Packages.model_validate_json(
    resp.choices[0].message.tool_calls[0].function.arguments
)
{
	"packages": [
		{
			"name": "pydantic",
			"author": "Samuel Colvin"
		},
		{
			"name": "fastapi",
			"author": "Sebastián Ramírez"
		}
	]
}

The example we provided above is somewhat contrived, but it illustrates how Pydantic can be utilized to generate structured data from language models. Now, let's employ Instructor to streamline this process. Instructor is a compact library that enhances the OpenAI client by offering convenient features. In the upcoming blog post, we will delve into reasking and validation. However, for now, let's explore a practical example.

# pip install instructor
import instructor

client = instructor.patch(OpenAI())

packages = client.chat.completions.create(
    model="gpt-3.5-turbo",
    messages=[
        {
            "role": "user",
            "content": "Pydantic and FastAPI?",
        },
    ],
    response_model=Packages,
)

assert isinstance(resp, Packages)
assert isinstance(resp.packages, list)
assert isinstance(resp.packages[0], Package)

Let's consider a practical example. Imagine we have a search engine capable of comprehending intricate queries. For instance, if we make a request to find "recent advancements in AI", we could provide the following payload:

{
	"rewritten_query": "novel developments advancements ai artificial intelligence machine learning",
	"published_daterange": {
		"start": "2023-09-17",
		"end": "2021-06-17"
	},
	"domains_allow_list": ["arxiv.org"]
}

If we peek under the hood, we can see that the query is actually a complex object, with a date range, and a list of domains to search in. We can model this structured output in Pydantic using the instructor library

from typing import List
import datetime
from pydantic import BaseModel

class DateRange(BaseModel):
    start: datetime.date
    end: datetime.date

class SearchQuery(BaseModel):
    rewritten_query: str
    published_daterange: DateRange
    domains_allow_list: List[str]

    async def execute():
        # Return the search results of the rewritten query
        return api.search(json=self.model_dump())
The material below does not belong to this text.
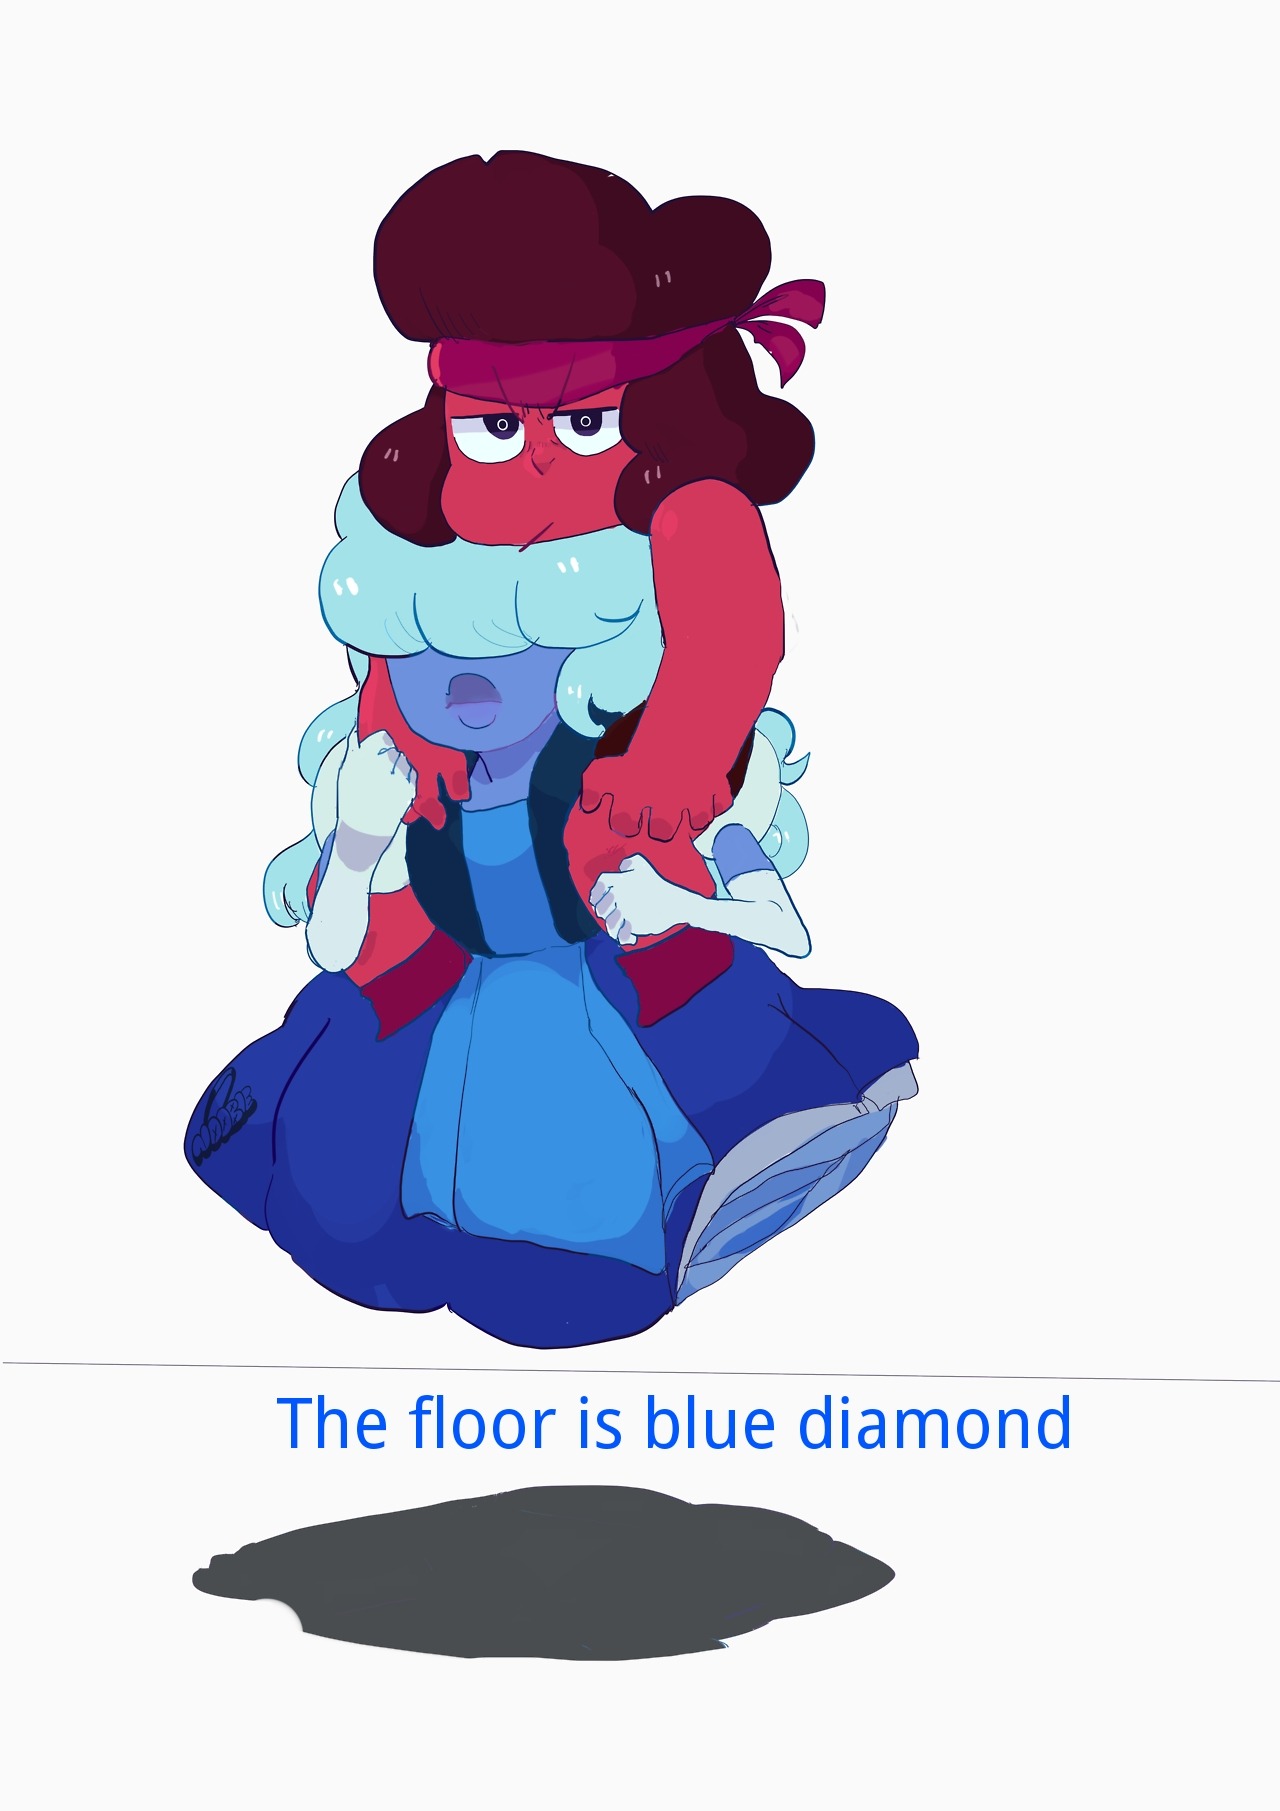 The floor is blue diamond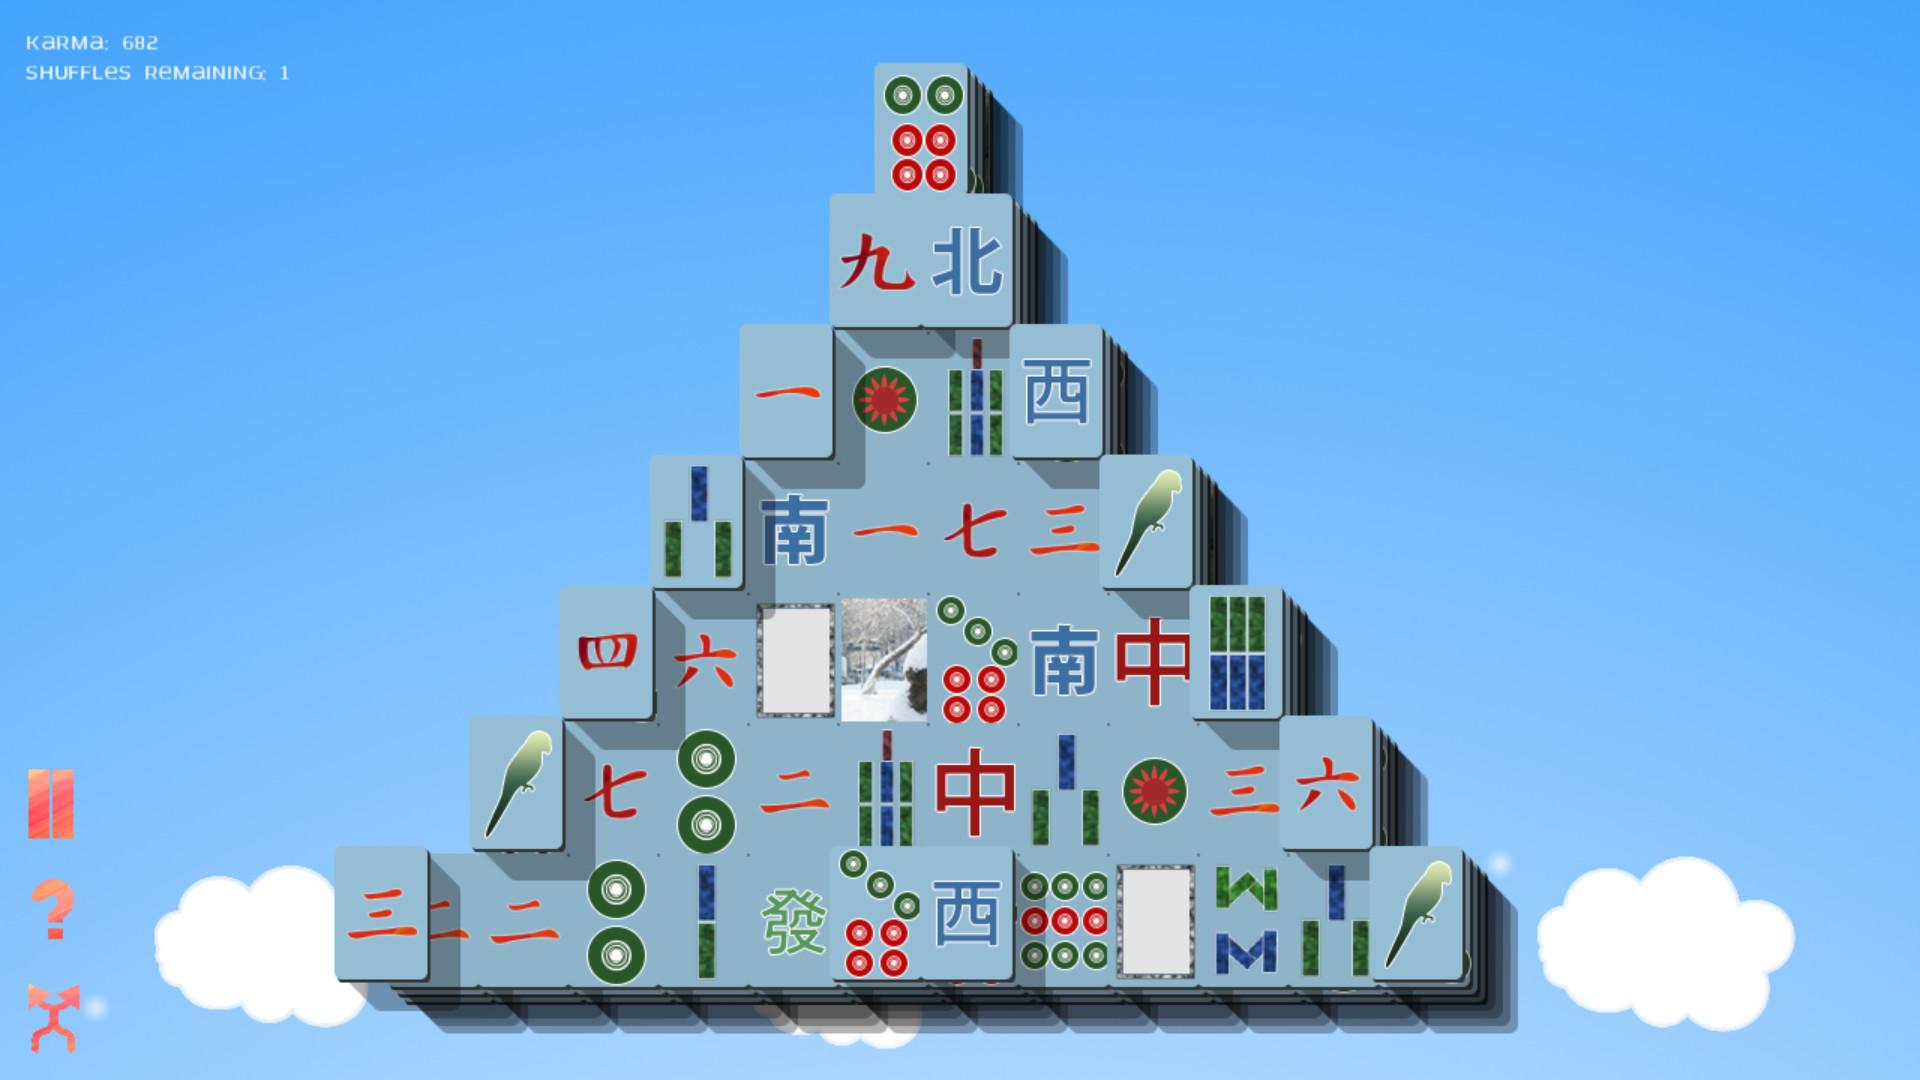 Screenshot №7 from game That's Mahjong!

This pattern empowers us to restructure the user's query for improved performance, without requiring the user to understand the inner workings of the search backend.

import instructor
from openai import OpenAI

# Enables response_model in the openai client
client = instructor.patch(OpenAI())

def search(query: str) -> SearchQuery:
    return client.chat.completions.create(
        model="gpt-4",
        response_model=SearchQuery,
        messages=[
            {
                "role": "system",
                "content": f"You're a query understanding system for a search engine. Today's date is {datetime.date.today()}"
            },
            {
                "role": "user",
                "content": query
            }
        ],
    )

search("recent advancements in AI")

Example Output

{
	"rewritten_query": "novel developments advancements ai artificial intelligence machine learning",
	"published_daterange": {
		"start": "2023-12-15",
		"end": "2023-01-01"
	},
	"domains_allow_list": ["arxiv.org"]
}

By defining the api payload as a Pydantic model, we can leverage the response_model argument to instruct the model to generate the desired output. This is a powerful feature that allows us to generate structured data from any language model!

In our upcoming posts, we will provide more practical examples and explore how we can leverage Pydantic's validation features to ensure that the data we receive is not only valid syntactically but also semantically.